# Local 3 NY



## william1978 (Sep 21, 2008)

Welcome to the forum.


----------



## william1978 (Sep 21, 2008)

I'm curious if Local 3 will be doing the wiring of the new mosques that the Muslims are wanting to build just a block up from ground zero?


----------



## Toronto Sparky (Apr 12, 2009)

onecheck said:


> Does anybody know when the next apprenticeship program for Local 3 NY is?

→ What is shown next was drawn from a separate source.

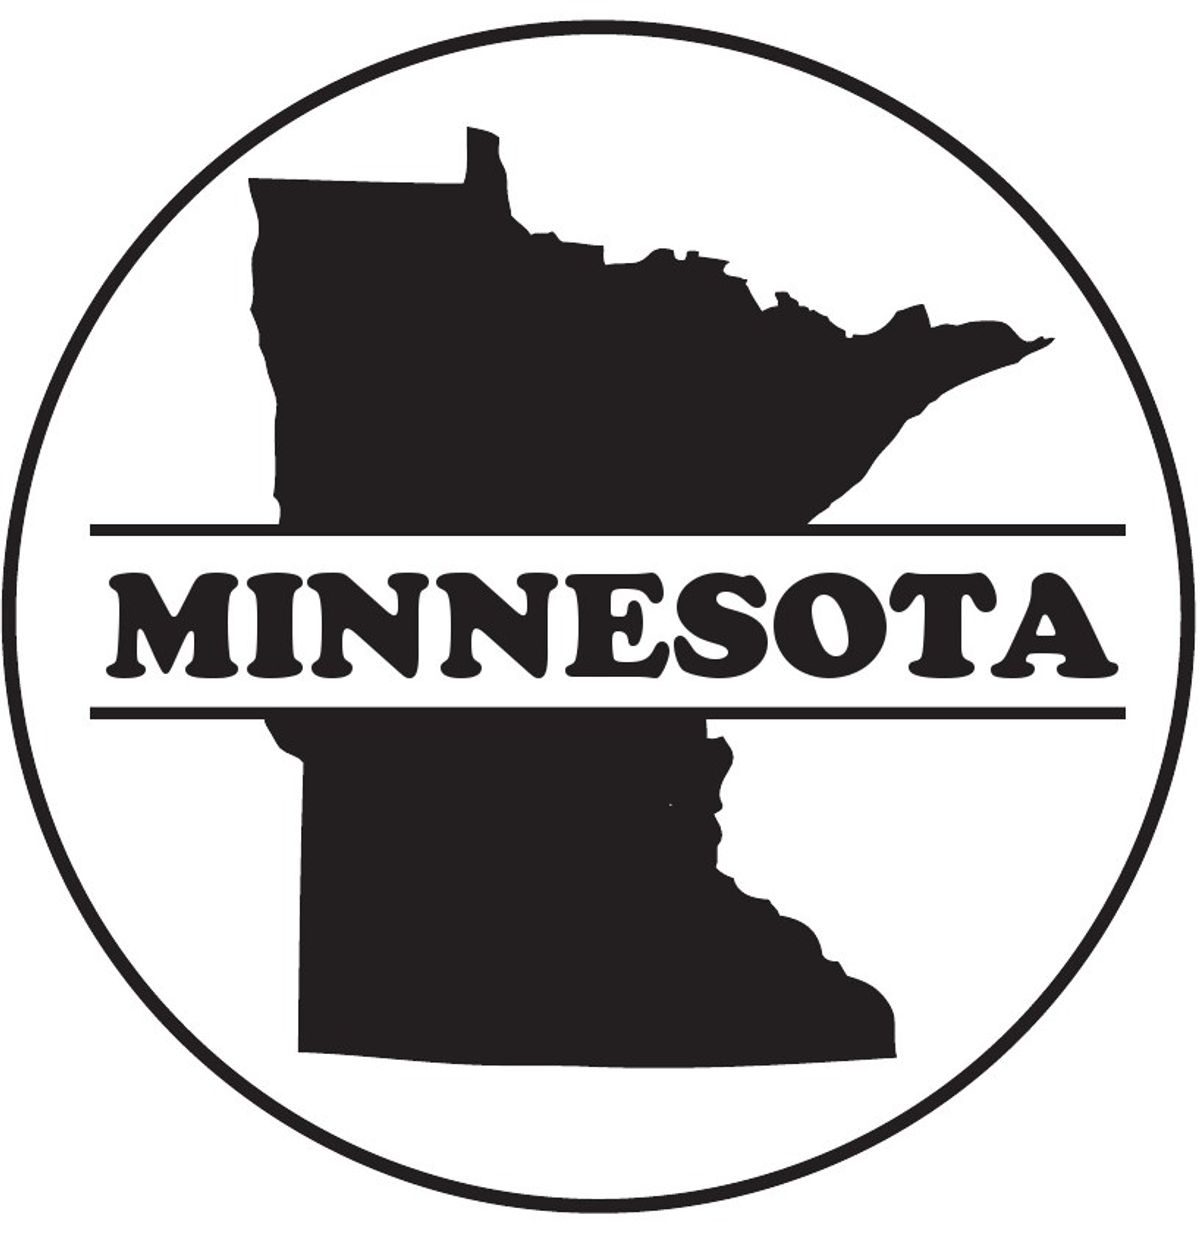 11 Reasons Minnesota Is Relevant

There isn't any information on the Local 3 website.


Call the Hall.. They will give you the right answer..


----------



## onecheck (Jul 9, 2010)

Toronto Sparky said:


> Call the Hall.. They will give you the right answer..


Thanks. I called and was transferred to the committee, but it went to voice mail. I sent a letter today requesting an application for the program. I heard from somebody that the program is given every 2 to 3 years.


----------



## Hire me please (Jul 15, 2010)

yea they just held the test today 7/15 for local 3... so its gonna be a bit of a wait... probably for the both of us, if i dont get in of course


----------



## B4T (Feb 10, 2009)

william1978 said:


> I'm curious if Local 3 will be doing the wiring of the new mosques that the Muslims are wanting to build just a block up from ground zero?


The people are really trying to get that stopped.

But the PC politicians see nothing wrong with it


----------



## william1978 (Sep 21, 2008)

Black4Truck said:


> The people are really trying to get that stopped.
> 
> But the PC politicians see nothing wrong with it


 I see a lot wrong with it myself.


----------



## slickvic277 (Feb 5, 2009)

william1978 said:


> I see a lot wrong with it myself.


Me too. It's a cult of anti-American, Murderous, P.O.S...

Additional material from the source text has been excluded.